Klarna is changing how it handles customer support. The company is moving to a gig-based hybrid model that mixes freelance workers with artificial intelligence. The shift puts a spotlight on a familiar tension in business: how to cut costs without hurting service quality.
Why the model matters
Customer service is expensive. Full-time staff require salaries, benefits, and ongoing training. Klarna's new approach uses gig workers — people hired on short-term or part-time contracts — and AI systems to handle inquiries. That could lower expenses. But it also raises questions. Can a part-time worker know the product as well as a full-timer? Can a chatbot handle a frustrated customer?
The role of AI
AI can handle simple tasks fast. It doesn't take breaks, and it can juggle dozens of conversations at once. For Klarna, that means routine requests — like checking an order status or resetting a password — can be automated. That frees up human workers for trickier problems. But AI still struggles with nuance. It can't read tone or pick up on subtle cues. When a customer is upset, a bot might give a textbook answer that makes things worse.
The gig piece
Gig workers offer flexibility. Klarna can scale up during busy periods and pull back when things slow down. That's cheaper than keeping a fixed team. But gig workers don't always get the same training or investment. Turnover can be high. Consistency suffers. Klarna will need to figure out how to keep quality up when the workforce is fluid.

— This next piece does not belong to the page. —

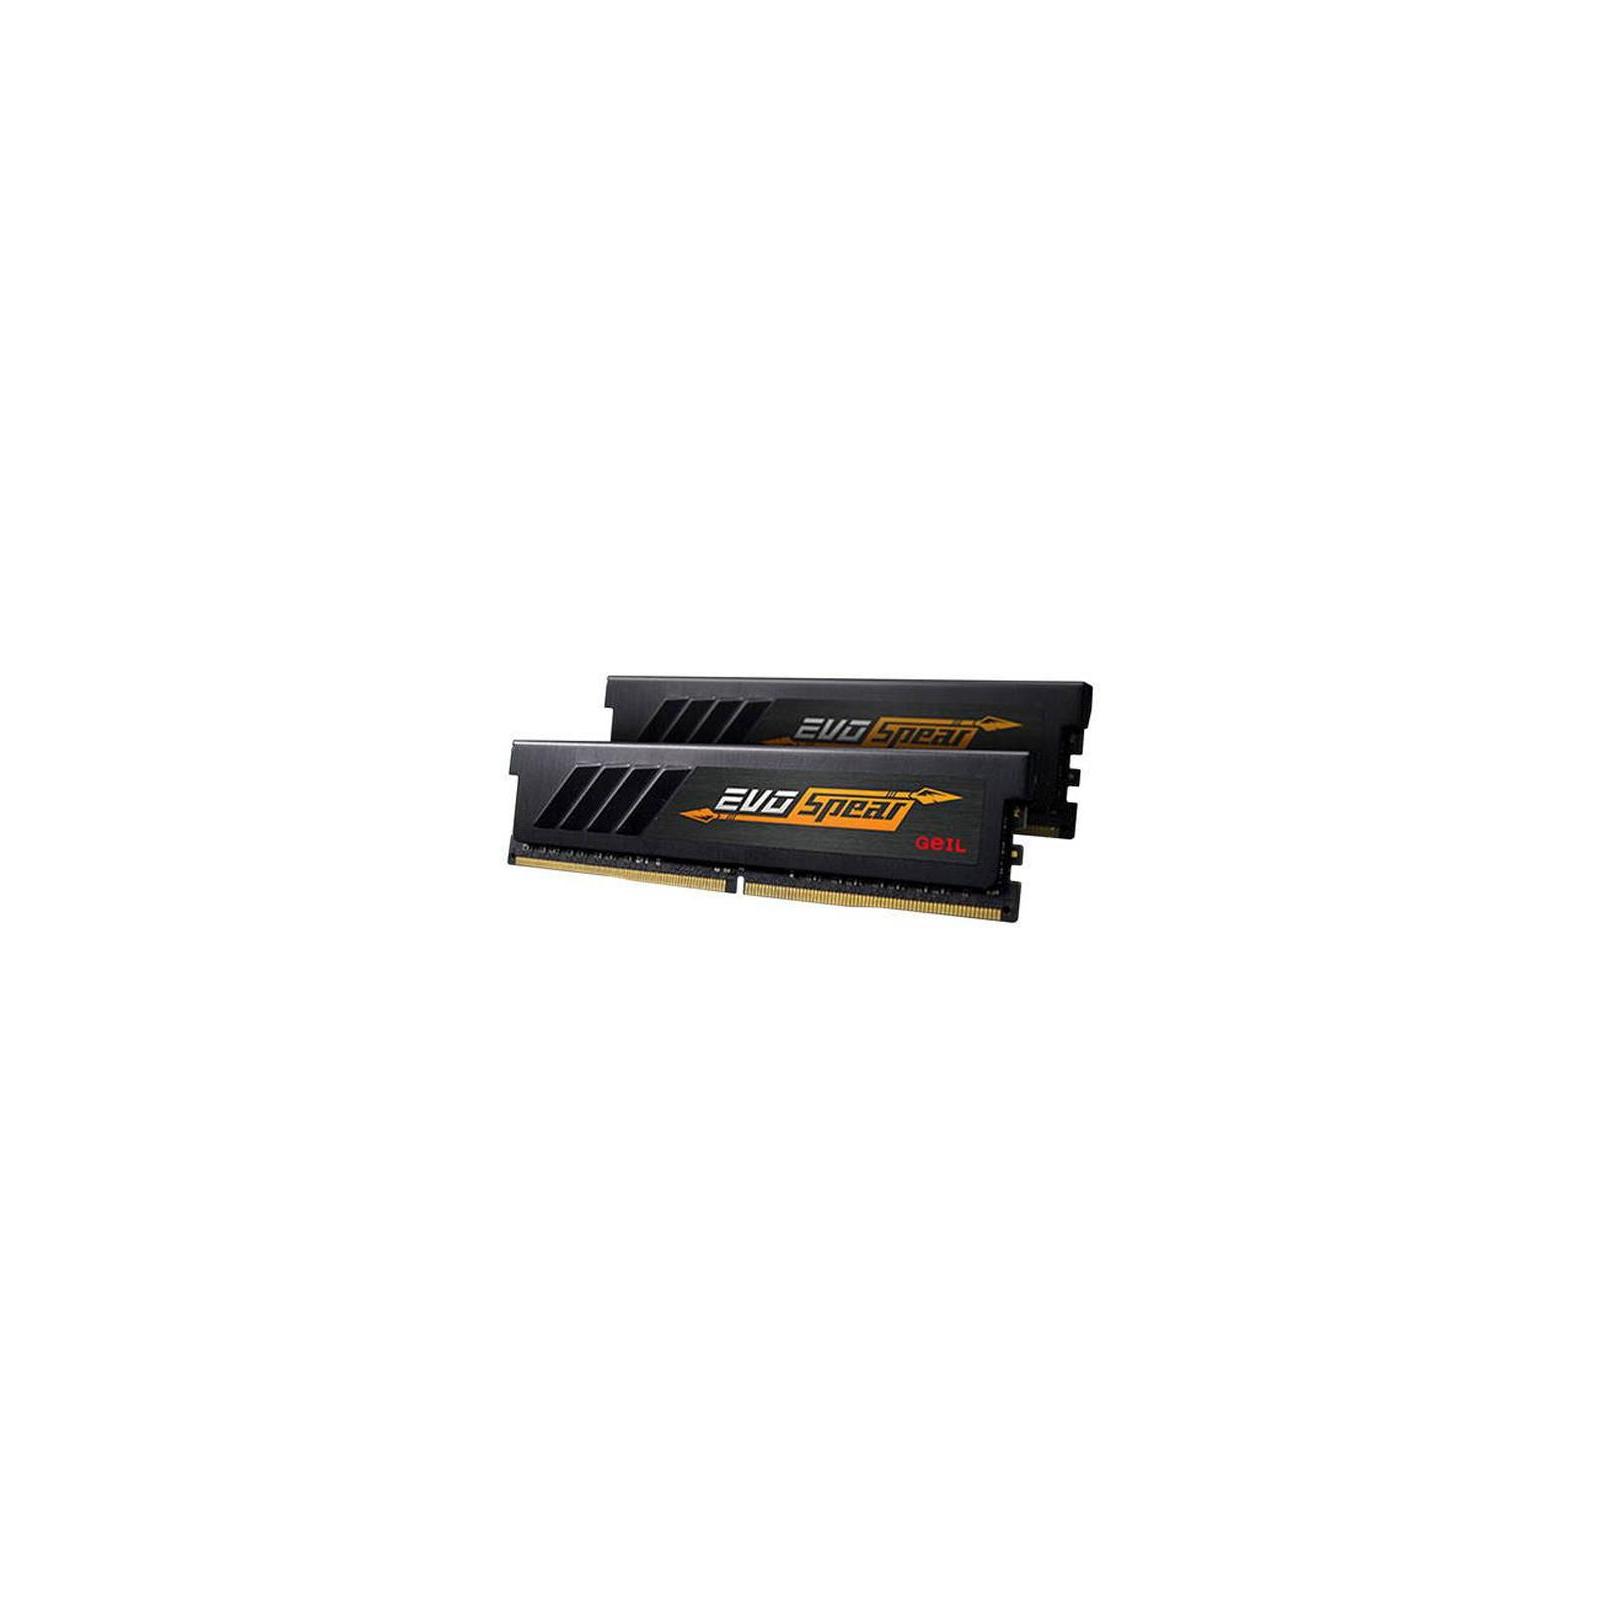 Модуль памяти для компьютера DDR4 16GB (2x8GB) 3200 MHz EVO SPEAR Geil (GSB416GB3200C16ADC) изображение 2

The hybrid model tries to get the best of both worlds. AI handles the volume. Gig workers handle the complexity. But the two have to work together smoothly. A customer who starts with a chatbot and then gets transferred to a human shouldn't have to repeat everything. That kind of integration is hard to pull off.
Klarna isn't the first company to try this. Many businesses are experimenting with AI and flexible labor to trim costs. The difference is in execution. If Klarna can make the model work — keeping customers happy while spending less — it could set a template for others. If it fails, the backlash could be quick. People notice when service slips.
The company hasn't announced a timeline for when the new model will be fully in place. For now, the move signals a broader shift: the old way of staffing customer service is giving way to something leaner, more automated, and less permanent. The question is whether that something can also be good.